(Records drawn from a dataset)
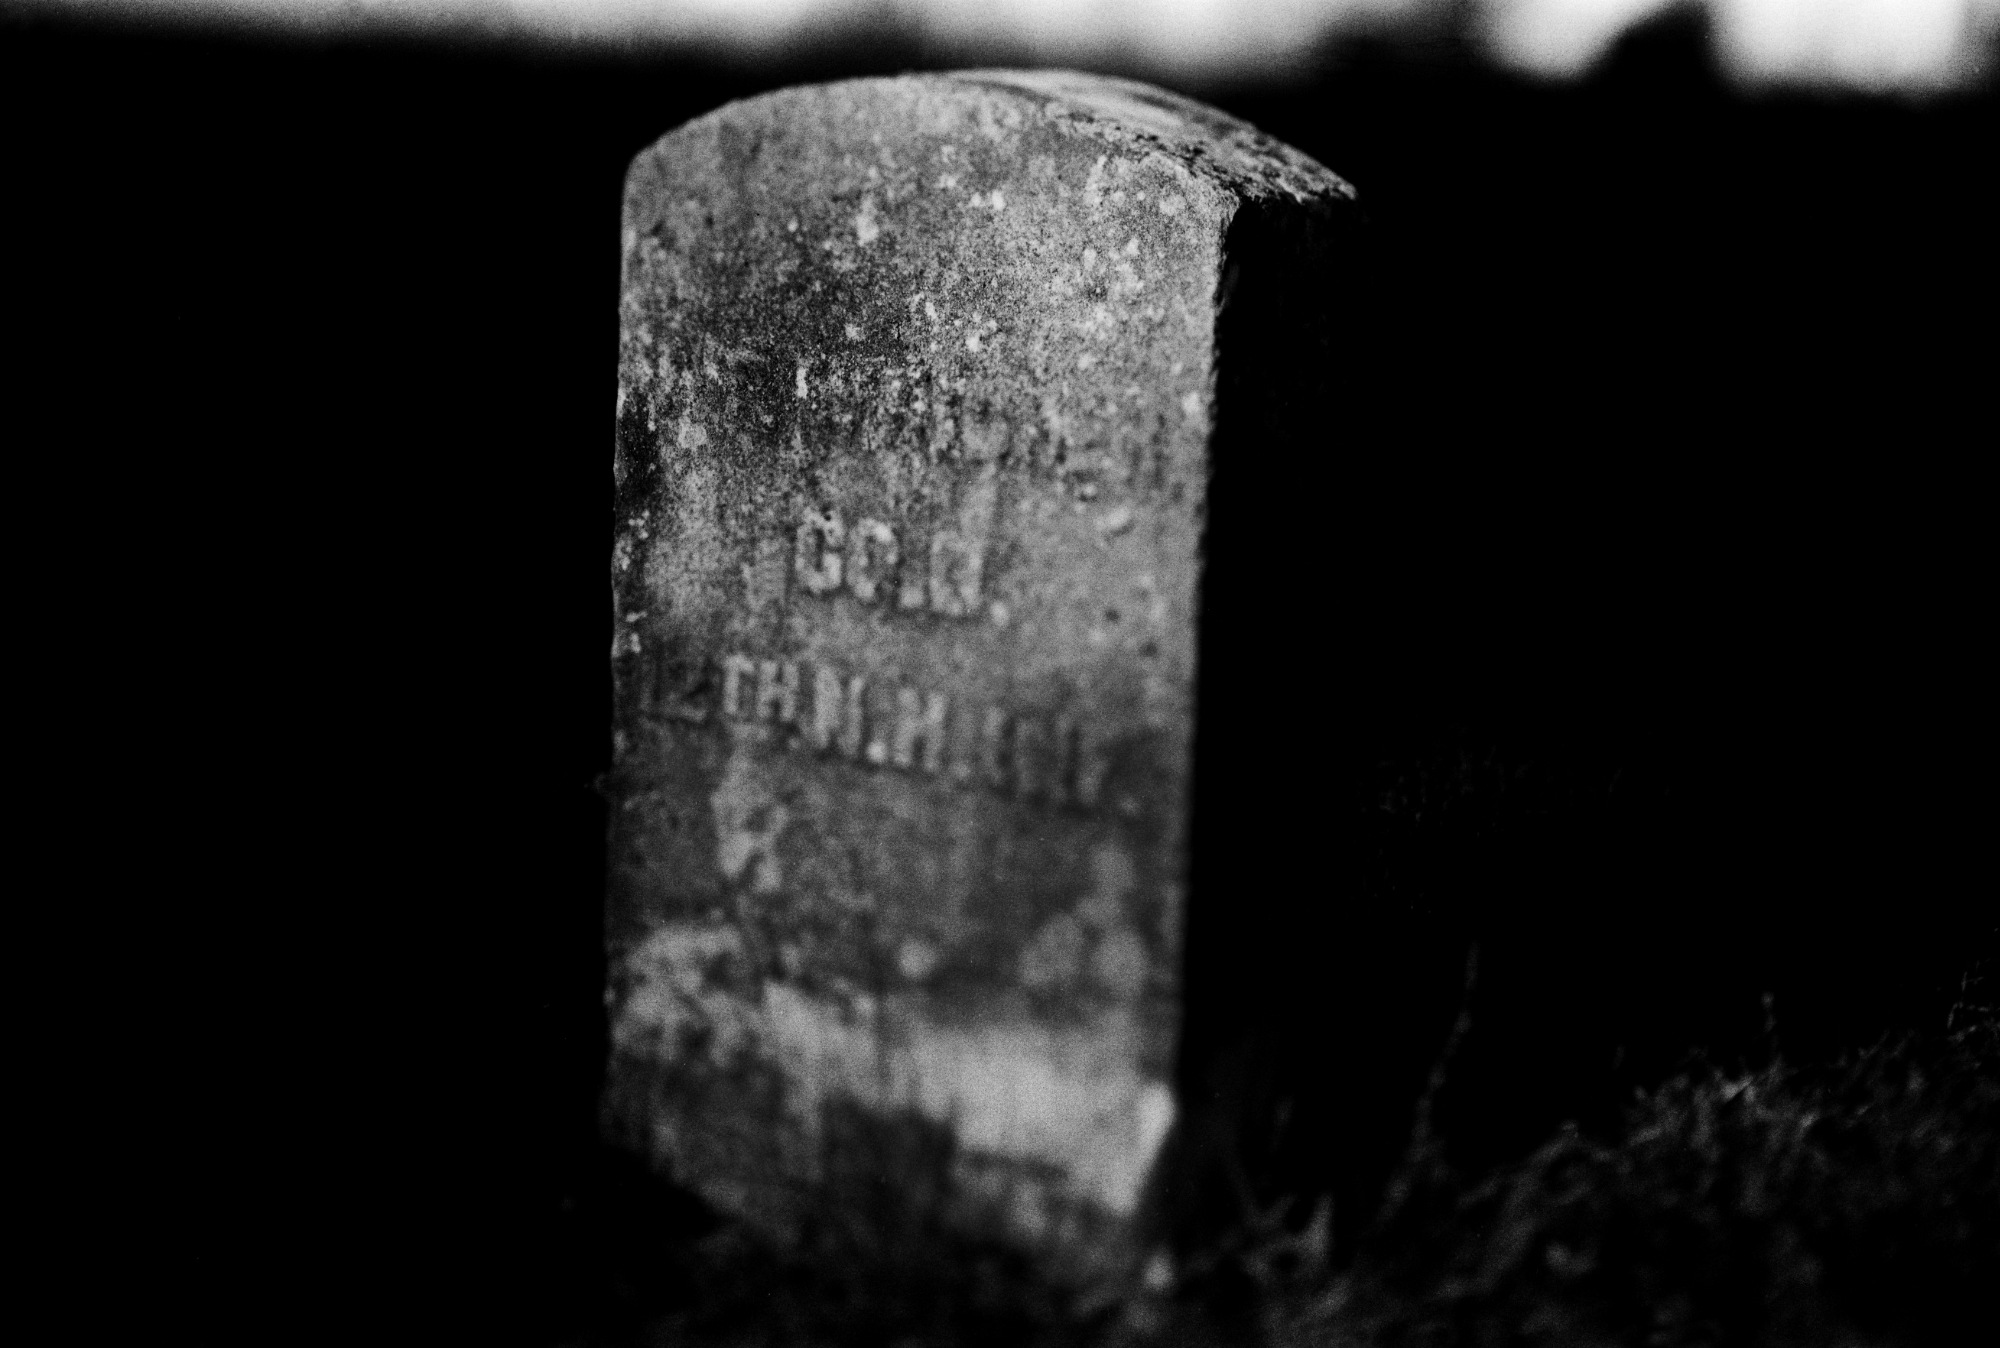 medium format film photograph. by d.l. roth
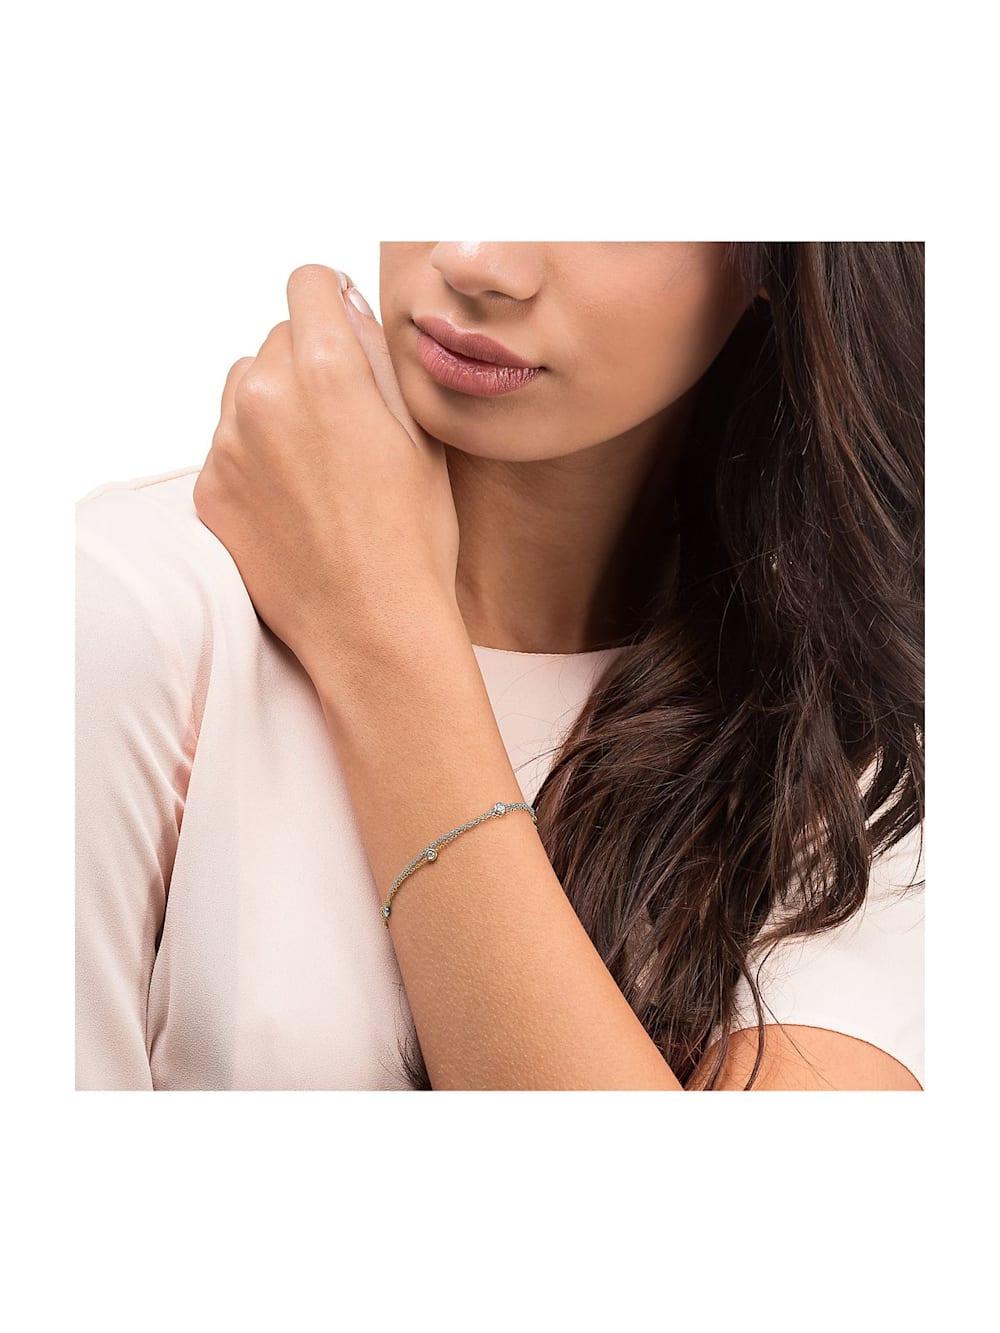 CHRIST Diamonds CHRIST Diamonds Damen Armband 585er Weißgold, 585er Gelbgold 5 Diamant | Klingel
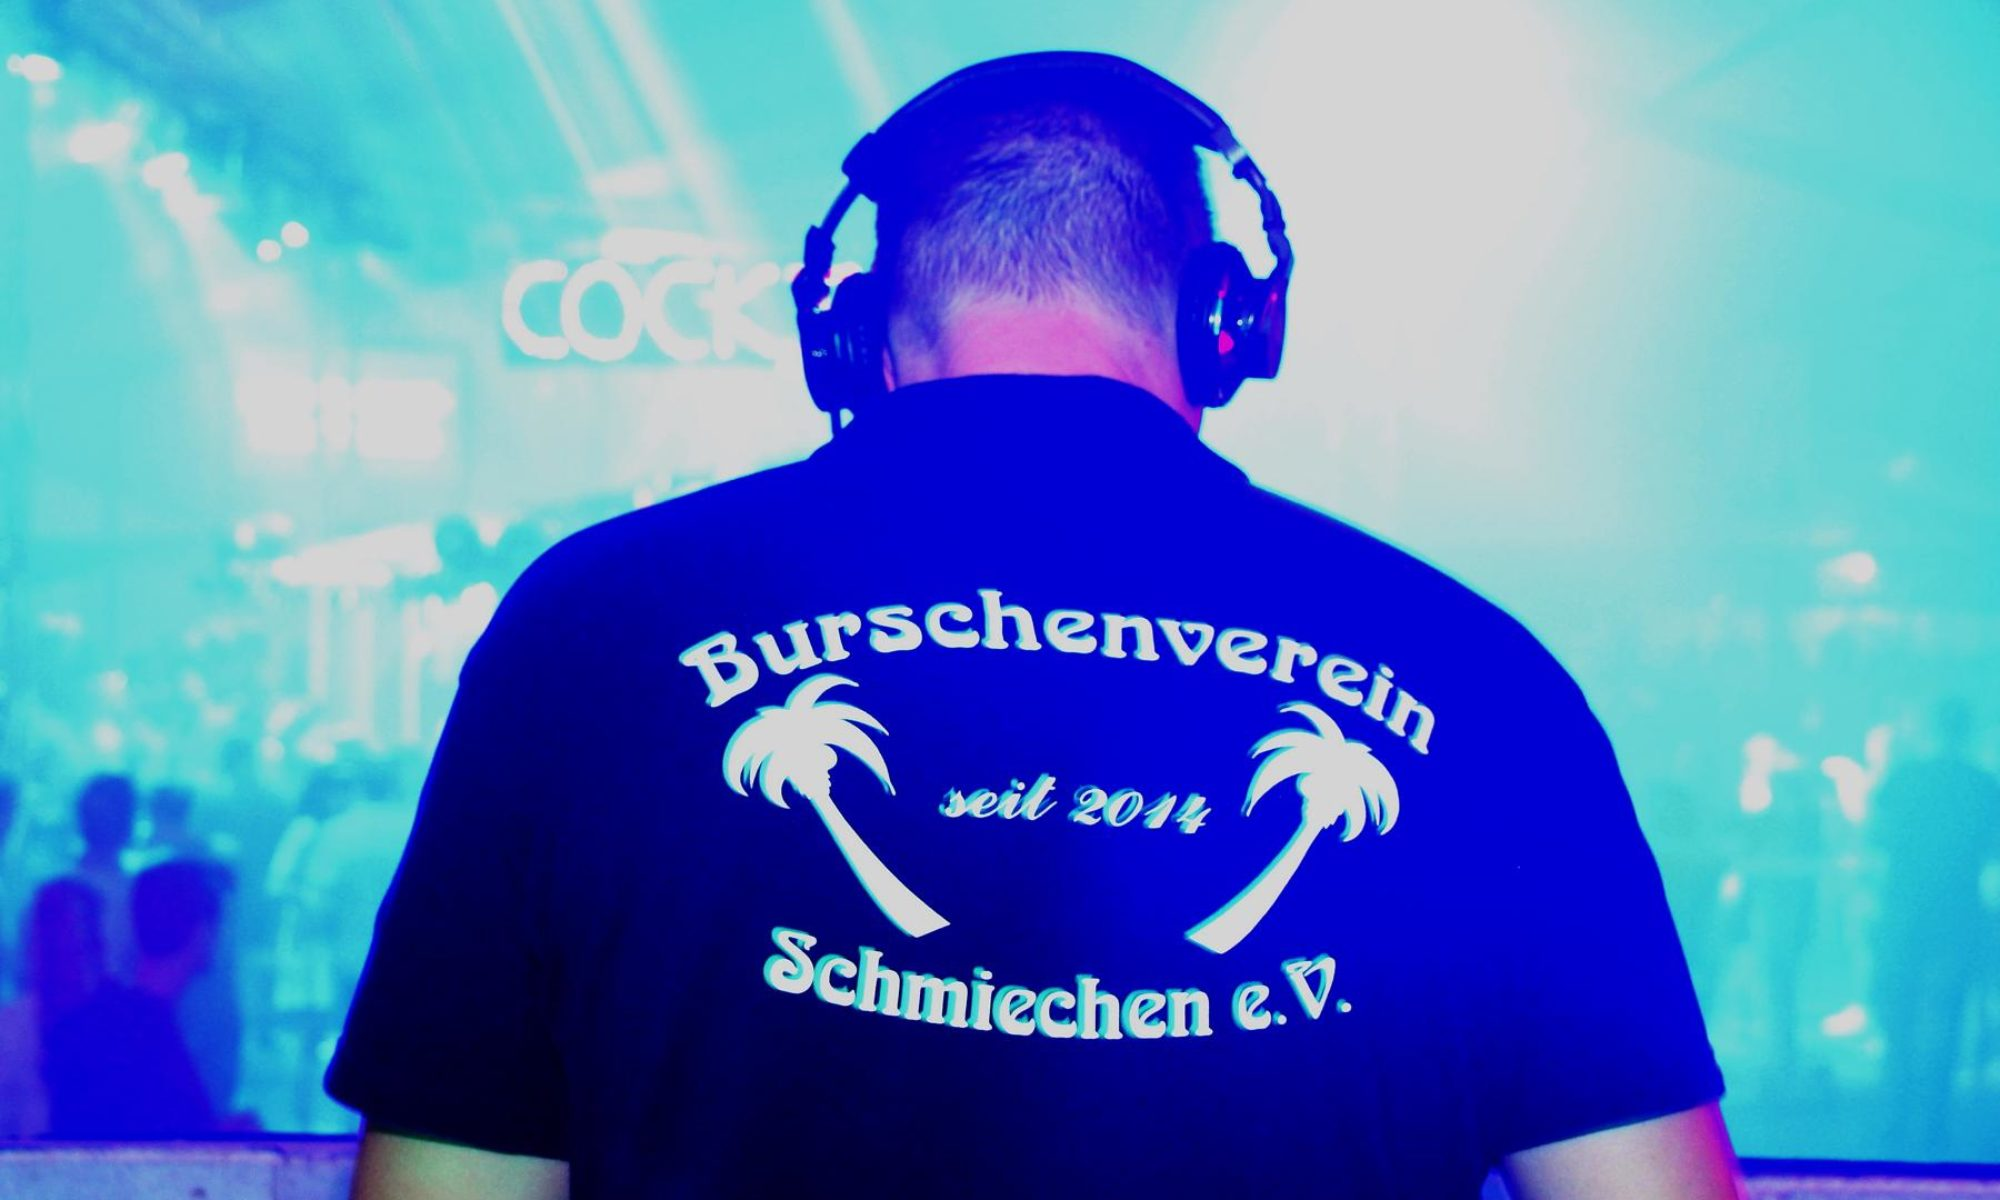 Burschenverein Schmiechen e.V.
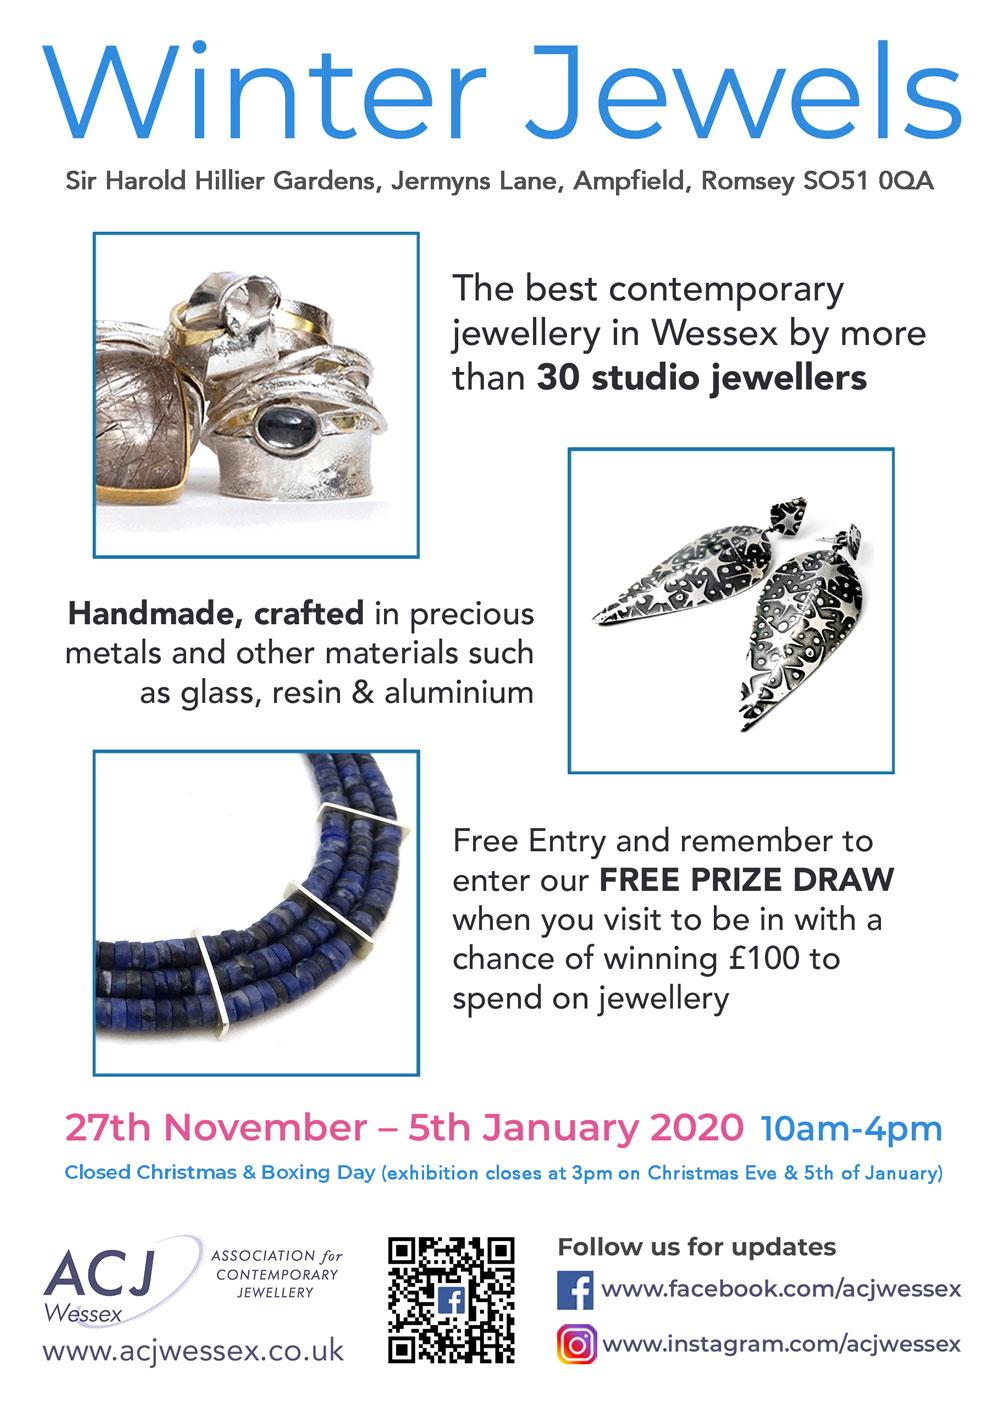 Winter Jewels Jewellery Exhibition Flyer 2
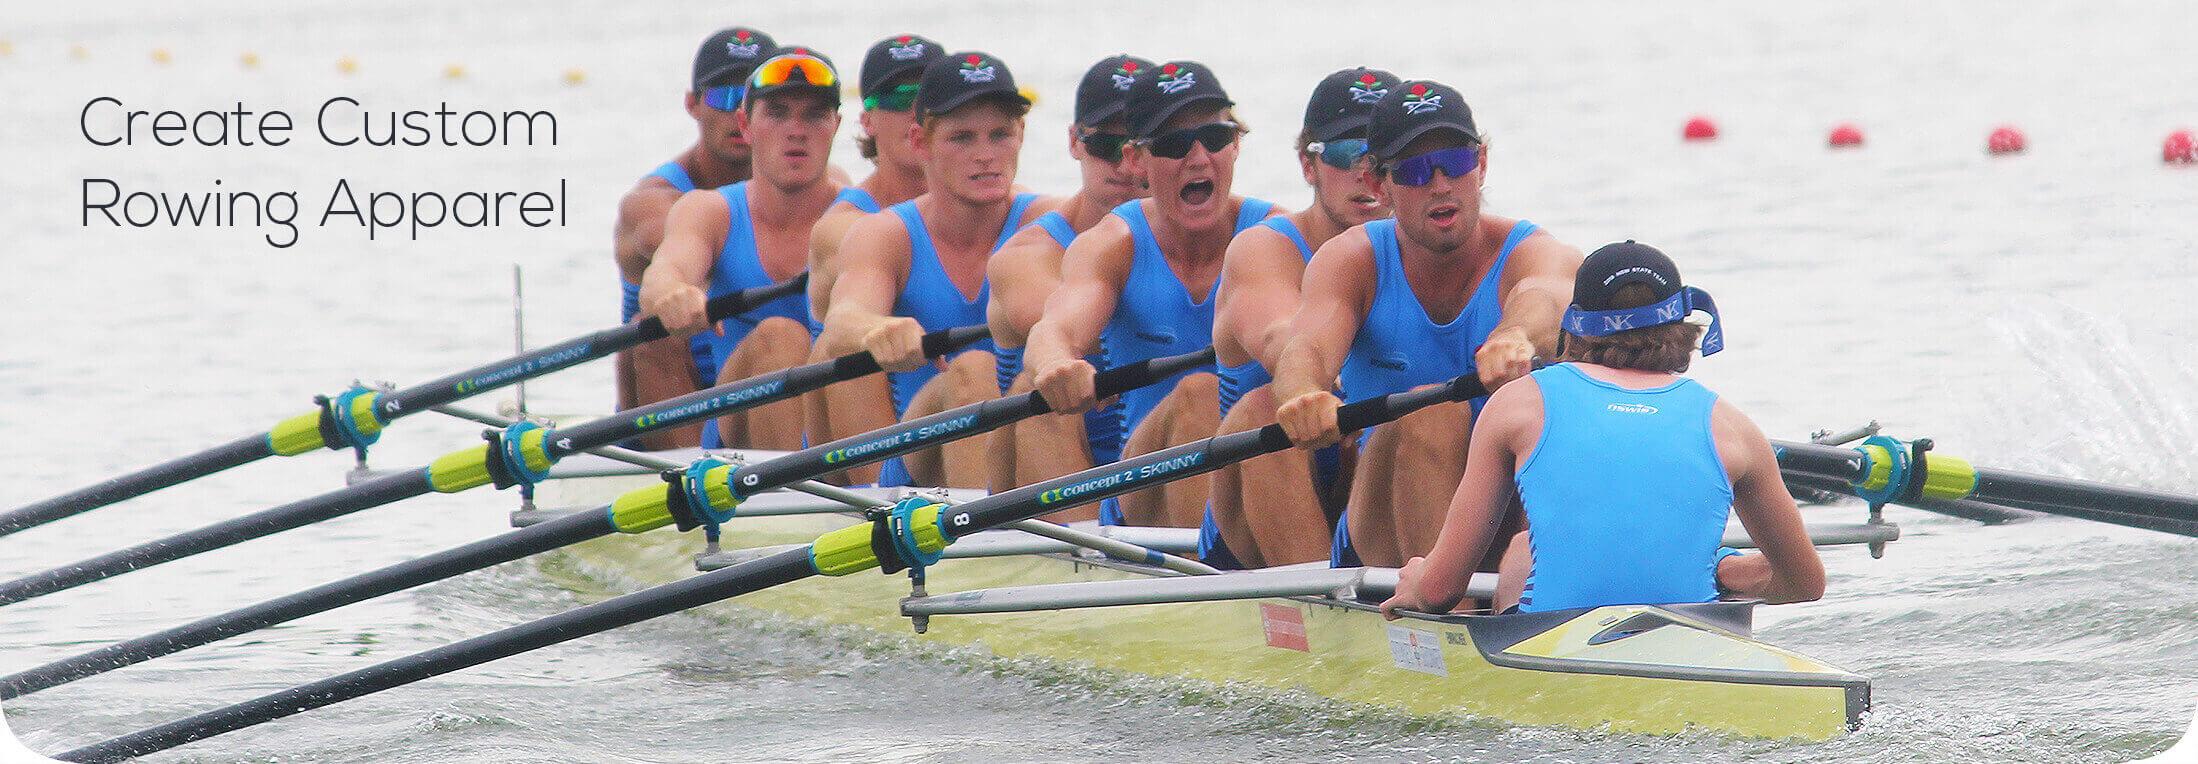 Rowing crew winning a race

ASSIGNED TASK: When you repeat the data, keep it exact and drop every picture.

RESULT OF THIS TASK:
 medium format film photograph. by d.l. roth
 CHRIST Diamonds CHRIST Diamonds Damen Armband 585er Weißgold, 585er Gelbgold 5 Diamant | Klingel
 Burschenverein Schmiechen e.V.
 Winter Jewels Jewellery Exhibition Flyer 2
 Rowing crew winning a race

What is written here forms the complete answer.